# Instrument Maker's Vice



## DavidL (Feb 28, 2014)

I needed a small vice that would rigidly hold small parts at any orientation.  I designed and drafted drawings for this vice based on the principles I'd seen utilised in professional instrument maker's vices.  Using bits of steel from the scrap box I fabricated a vice that does the job nicely.


----------



## Dave Smith (Feb 28, 2014)

It looks nice--well made--and should do the jobs for you---and it didn't cost much--Dave


----------



## vapremac (Feb 28, 2014)

Fine job !


----------



## 12bolts (Mar 1, 2014)

Nice work David, they do make for easy work on the smaller things

Cheers Phil


----------



## Bill Gruby (Mar 1, 2014)

Very nice David.

 "Billy G"


----------



## george (Mar 1, 2014)

Wow Nice vice. You did a great job making a functional tool for your shop. That's just what I like to see here. Thanks for sharing.


----------



## itsme_Bernie (Mar 1, 2014)

Beautiful job David!

How big is it?  Love the color!  

What does it mount to?  I notice the interesting base...

Bernie


----------



## ksierens (Mar 1, 2014)

A very useful project, and great workmanship!


----------



## Mid Day Machining (Mar 1, 2014)

DavidL said:


> I needed a small vice that would rigidly hold small parts at any orientation.  I designed and drafted drawings for this vice based on the principles I'd seen utilised in professional instrument maker's vices.  Using bits of steel from the scrap box I fabricated a vice that does the job nicely.
> 
> 
> 
> ...



That looks like a really handy tool.

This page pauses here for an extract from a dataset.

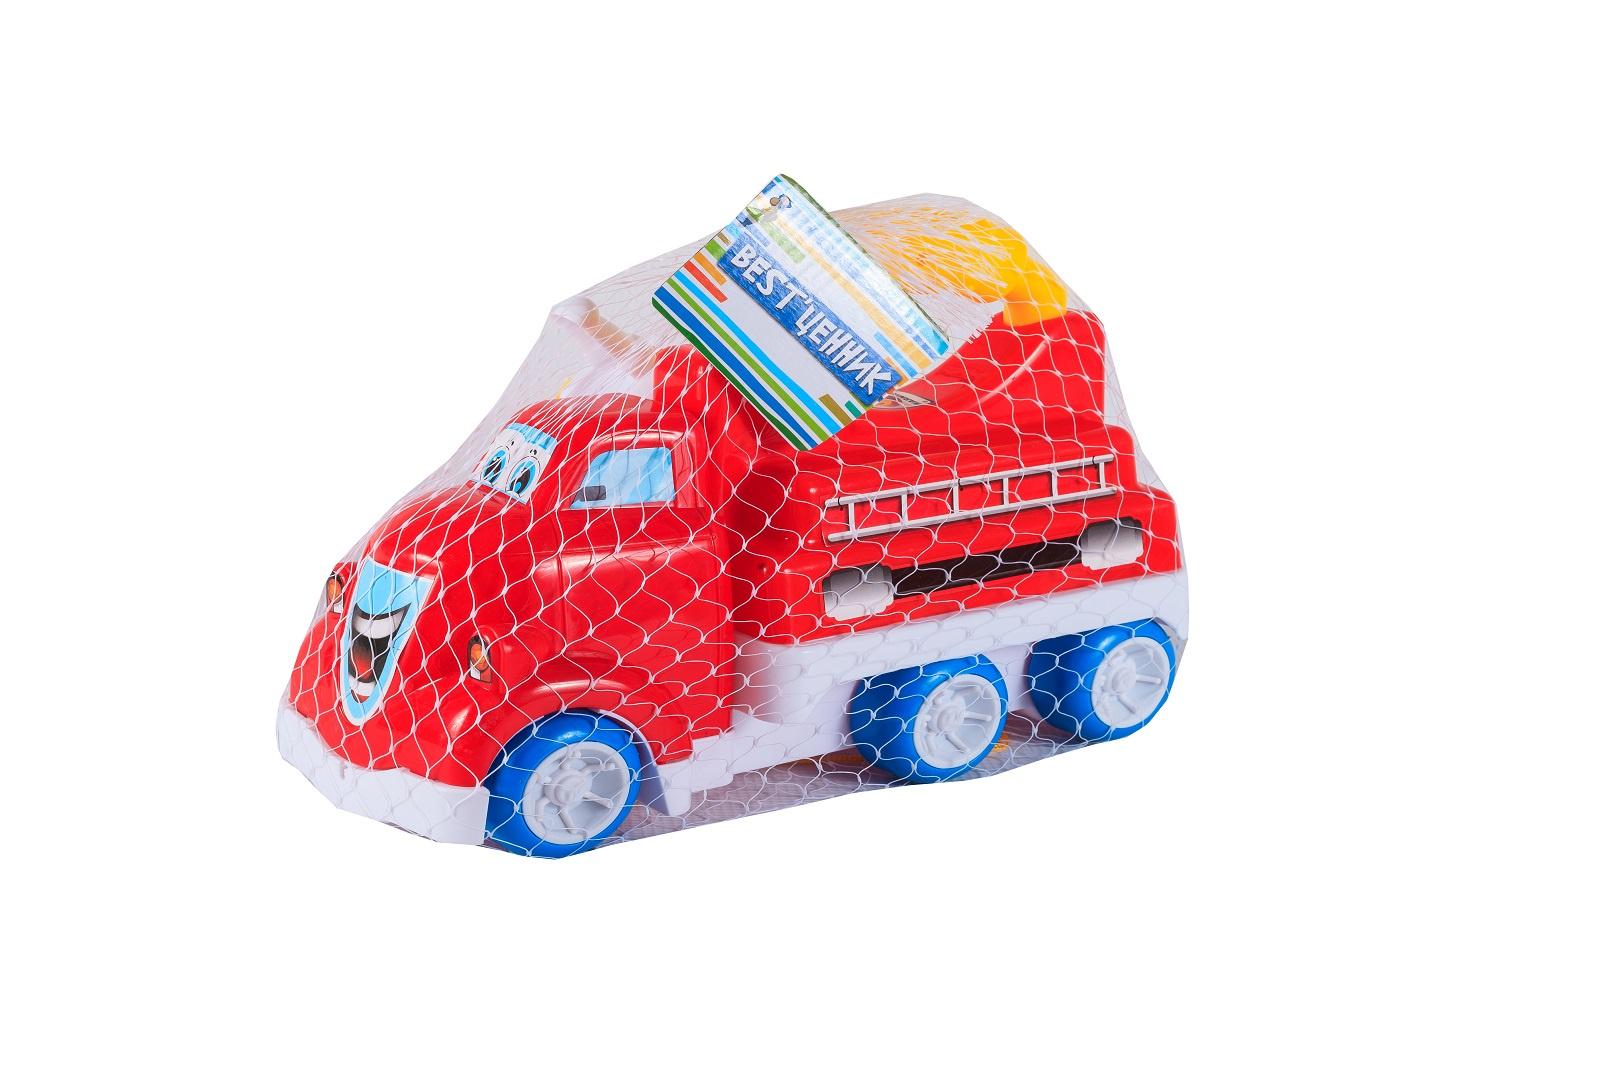 Машинка-игрушка S+S Стройтехника, 200149193, с аксессуарами s s toys 012 03 с фигурками и аксессуарами
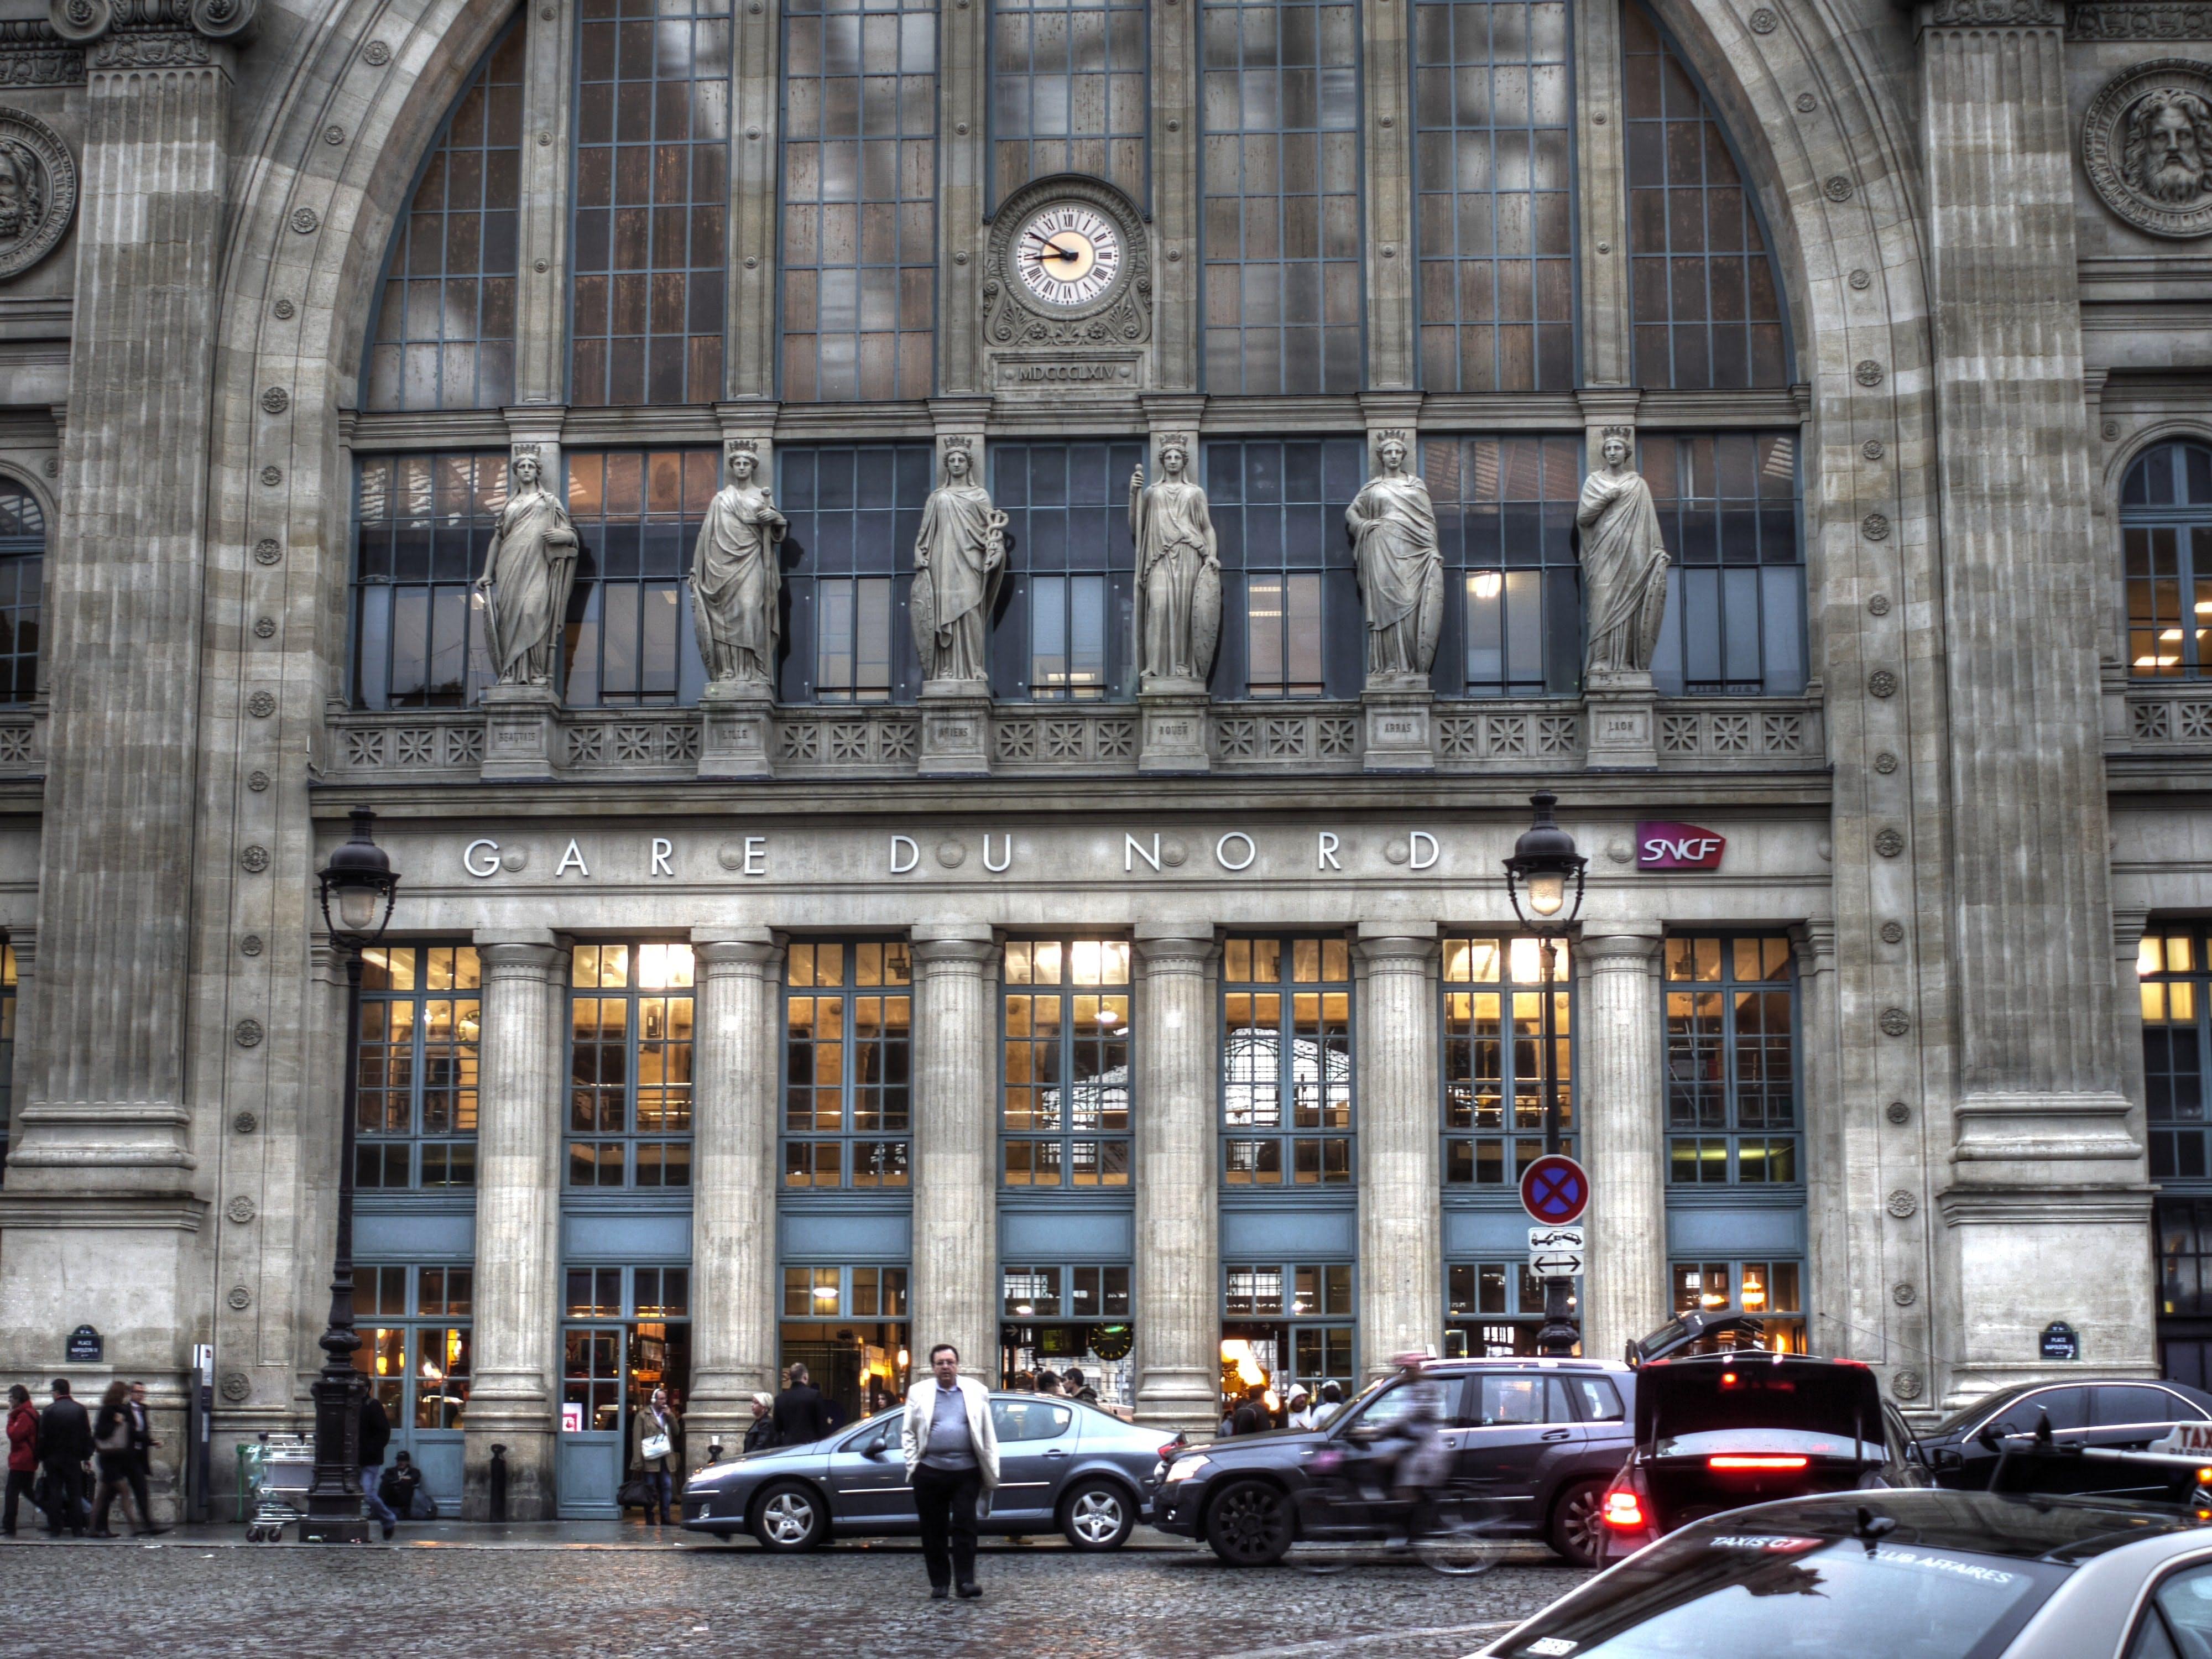 Entrance to Gare du Nord station, Paris

Nice job.


----------



## rd2012 (Mar 1, 2014)

Fabulous Job David. Simple, straightforward, very flexible; the best type of design and engineering.

One question- on the vertical height adjusting rod, how are you securing that on the short end. Maybe a photo from that angle would be great. I would really like to make one of these at some point. Thanks for sharing.

rd2012


----------



## DavidL (Mar 1, 2014)

itsme_Bernie said:


> Beautiful job David!
> 
> How big is it?  Love the color!
> 
> ...



Hi Bernie,
Thanks for your comment.  
The colour is left over spray paint from a repair I did to my wife's car about 12 months ago. - "Never throw it away, it will be wanted someday".
The base measures approx 3.5 jns height x 2.25 ins width.
The device is mounted in my large standard bench vice.
If you like i can post a copy of the sketches I produced.
Regards
DavidL

- - - Updated - - -



rd2012 said:


> Fabulous Job David. Simple, straightforward, very flexible; the best type of design and engineering.
> 
> One question- on the vertical height adjusting rod, how are you securing that on the short end. Maybe a photo from that angle would be great. I would really like to make one of these at some point. Thanks for sharing.
> 
> rd2012



I just threaded the end of the rod and made a mating threaded hole on the fixed jaw.  locked in place with good old Locktite.  Seems to work okay.
I'll post some drawings, once I work out how to do that operation.
Regards\


----------



## markknx (Mar 2, 2014)

If you like i can post a copy of the sketches I produced. Regards DavidL Oh yeah we would like. Very nice little vice, not much more I can add than what has already been said. I wish most Enginers disigned as strait forward as you did on this. They have a tendency to over tink/ complicate thinks sometimes. (You know like the guy that thought it was a goodidea to stick the battery way down in the fender on the newer cars) Anyway nice job!!


----------



## fretsman (Mar 2, 2014)

Well done, David, can you show us a picture of how you'd use it?

Dave


----------



## Bill C. (Mar 2, 2014)

DavidL said:


> I needed a small vice that would rigidly hold small parts at any orientation.  I designed and drafted drawings for this vice based on the principles I'd seen utilised in professional instrument maker's vices.  Using bits of steel from the scrap box I fabricated a vice that does the job nicely.
> 
> 
> 
> ...



If you want to share your drawings there is a drawing section.  Nice Job


----------



## DavidL (Mar 2, 2014)

markknx said:


> If you like i can post a copy of the sketches I produced. Regards DavidL Oh yeah we would like. Very nice little vice, not much more I can add than what has already been said. I wish most Enginers disigned as strait forward as you did on this. They have a tendency to over tink/ complicate thinks sometimes. (You know like the guy that thought it was a goodidea to stick the battery way down in the fender on the newer cars) Anyway nice job!!



I know what you mean about the frustration of trying to access components in modern cars.

I've attached a .pfd file of the drawings I produced for the vice.  In the end, I made some minor dimensional changes to suit the bits of scrap that I used.  You can see that I did not make the hand wheel - instead using a simple boss and lever after the style used on my little Seig lathe.


----------



## DavidL (Mar 3, 2014)

fretsman said:


> Well done, David, can you show us a picture of how you'd use it?
> 
> Dave



Here is a photo of the vice holding a small part.  I uses my 4inch bench vice to rigidly hold the base.


----------